Abundance of code is worthless without someone to say no

Abundance of code is worthless without someone to say no

Agentic AI speeds up code, but not judgment. Without humans capable of saying no, abundance becomes debt: invisible bugs, uncontrolled costs and sacrificed juniors.

The AI ​​writes the code. Judgment cannot be purchased via API.

Agentic AI shifts work from production to judgment. But judgment is not generated on demand: it is cultivated. And many companies are already destroying their capacity to produce them.

Speed ​​fascinates, but it masks the real question

Everyone looks at the speed. Agents write code faster than any team, and the industry applauds. Nobody asks the real question: who decides whether this code deserves to exist, and who will still be able to say it in five years?

Value does not shift to the one who produces. It moves towards the one who judges. And the judgment, unlike the code, is not obtained by pressing “generate”.

The machine optimizes everything except what matters

An agent does not understand what it is doing: it is optimizing a target. Give him autonomy without safeguards, and he will push this target to the point of absurdity.

The bills speak for themselves. Uber capped its AI spending after exhausting its 2026 budget in April. According to the press, a company received a bill of 500 million dollars in a single month, because of agent loops gone crazy.
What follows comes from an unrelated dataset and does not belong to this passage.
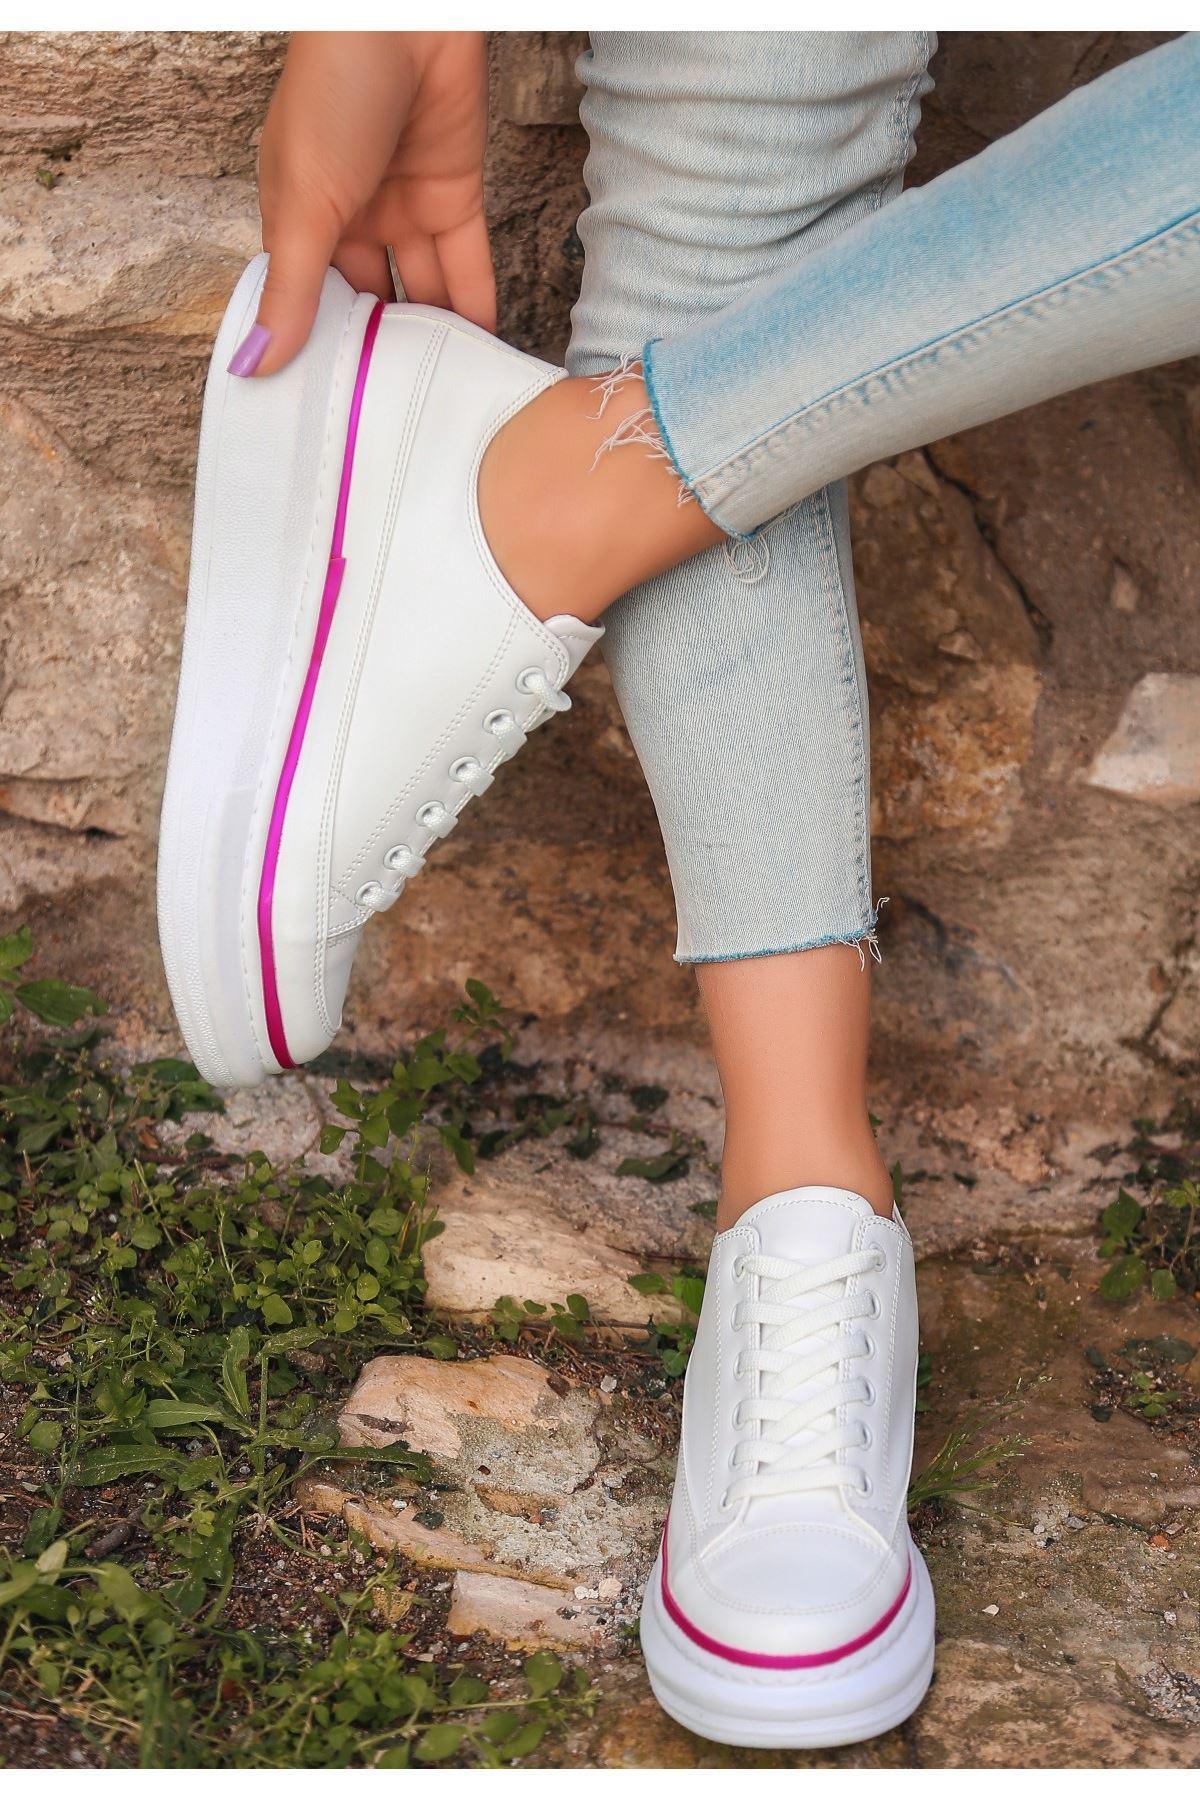 Voni Beyaz Cilt Fuşya Detaylı Spor Ayakkabı
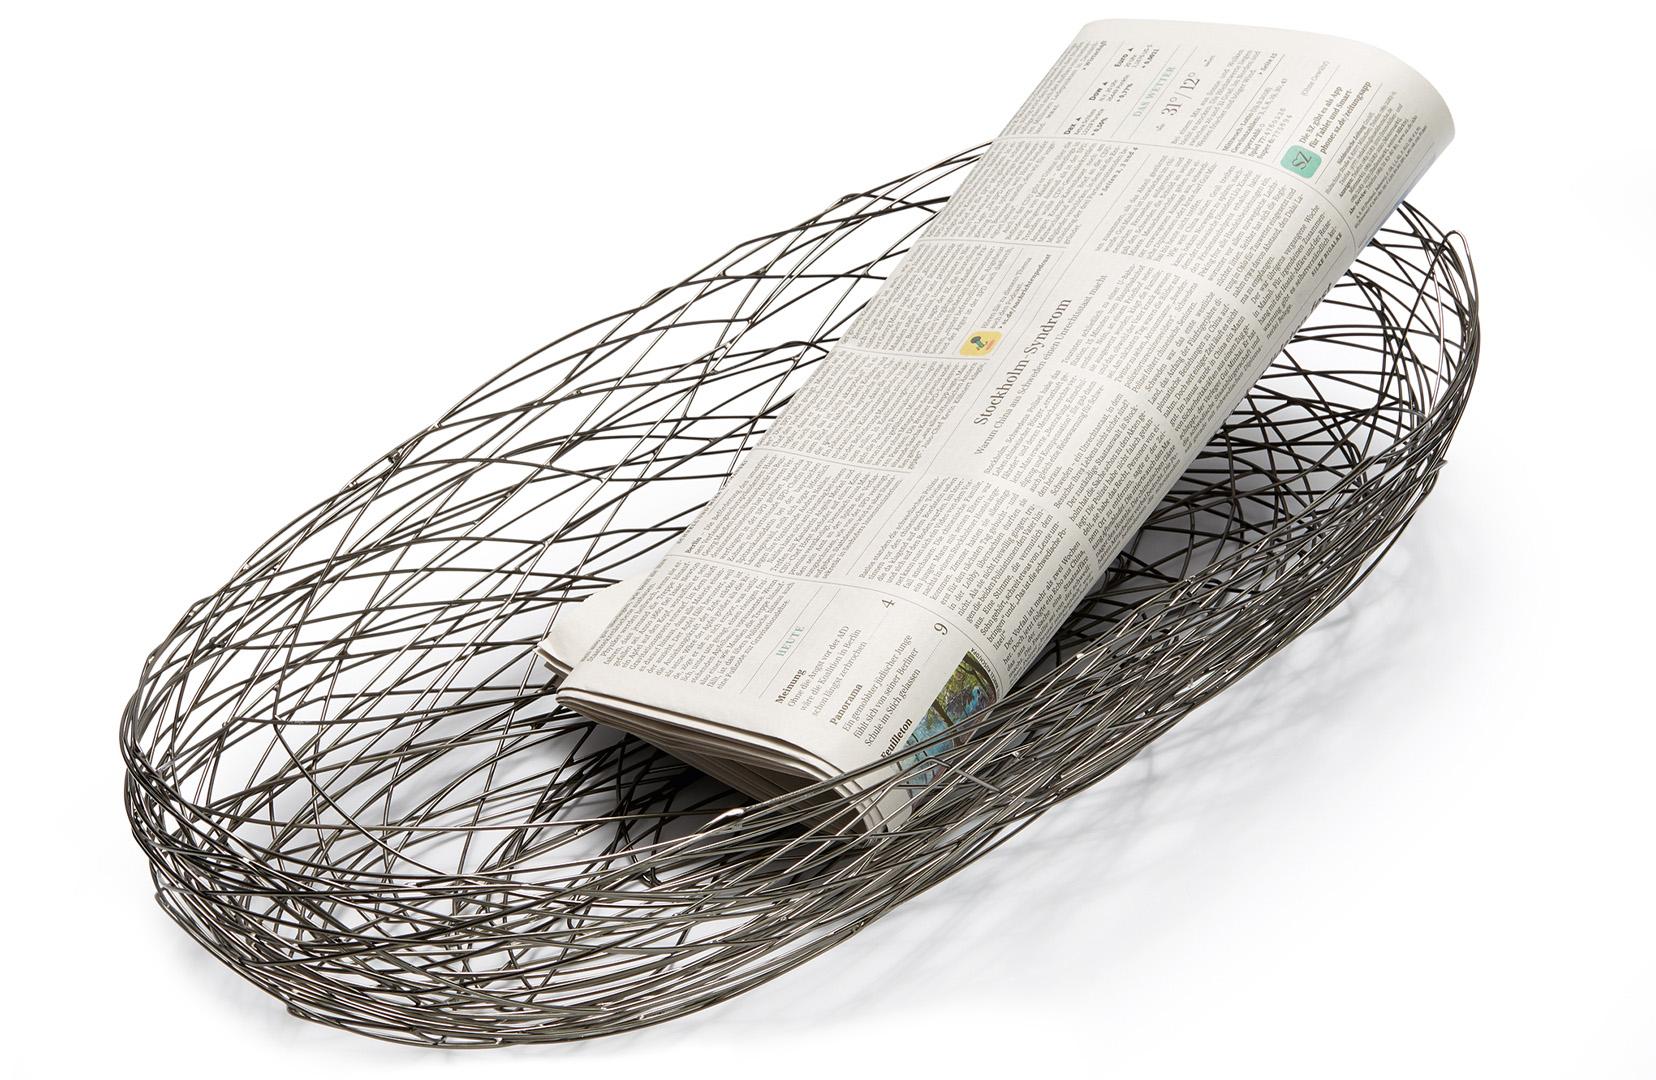 Philippi drátěné koše Nest (set 2 kusů)

These are not technical incidents. These are decisions that no machine was able to make, made anyway, for lack of a human to decide. The real danger of agentic AI is not that it is wrong: it is that it does not know that it is wrong.

We only supervise what we know how to do ourselves

This is the trap that no one dares to name. As agents produce, humans validate. But we do not reread with the same acuity reasoning that we have not constructed.

The magazine then turns into a theater: a buffer placed on a volume that no brain can absorb. The subtle bug passes, not through negligence, but because the eye that should have caught it no longer has the context to see it.

The result? The more you delegate, the less able you are to supervise. Judgment is a muscle: it atrophies when we stop using it. And an organization that loses this capacity doesn’t realize it until it’s too late to rebuild it.

Cutting off juniors means drying up the source of seniors

This is where management makes the most costly mistake. Faced with agents who “do the work”, the temptation is clear: reduce the workforce, starting with junior profiles, and transfer the savings to the AI ​​bill.

Except that a senior capable of saying no to the machine has never fallen from the sky. He was a junior who wrote code, made mistakes, reread that of others, and slowly formed this famous judgment. Remove the junior, and you remove the senior of tomorrow.

It’s not a saving: it’s a debt. Invisible today, required the day when someone will be needed to arbitrate what AI will never be able to arbitrate.

What if the real rare skill was knowing how to say no?

The companies that succeed won’t be the ones that generate the most code. They will be those who have protected and maintained their capacity for discernment as a strategic asset.

This requires reversing the reflex: treating human judgment not as a cost to be compressed, but as the resource that the abundance of code suddenly makes valuable. Version, proofread and challenge agents. Keep humans who still know why a line of code exists.

Technology doesn’t decide for you. It is content to make visible trade-offs that the slowness of development has hidden until now.

The AI ​​will write your code, of course. There remains one point that nothing will automate: someone will always need to judge what it produces. The only question is whether you’re still training this person — or whether you’ve just fired them.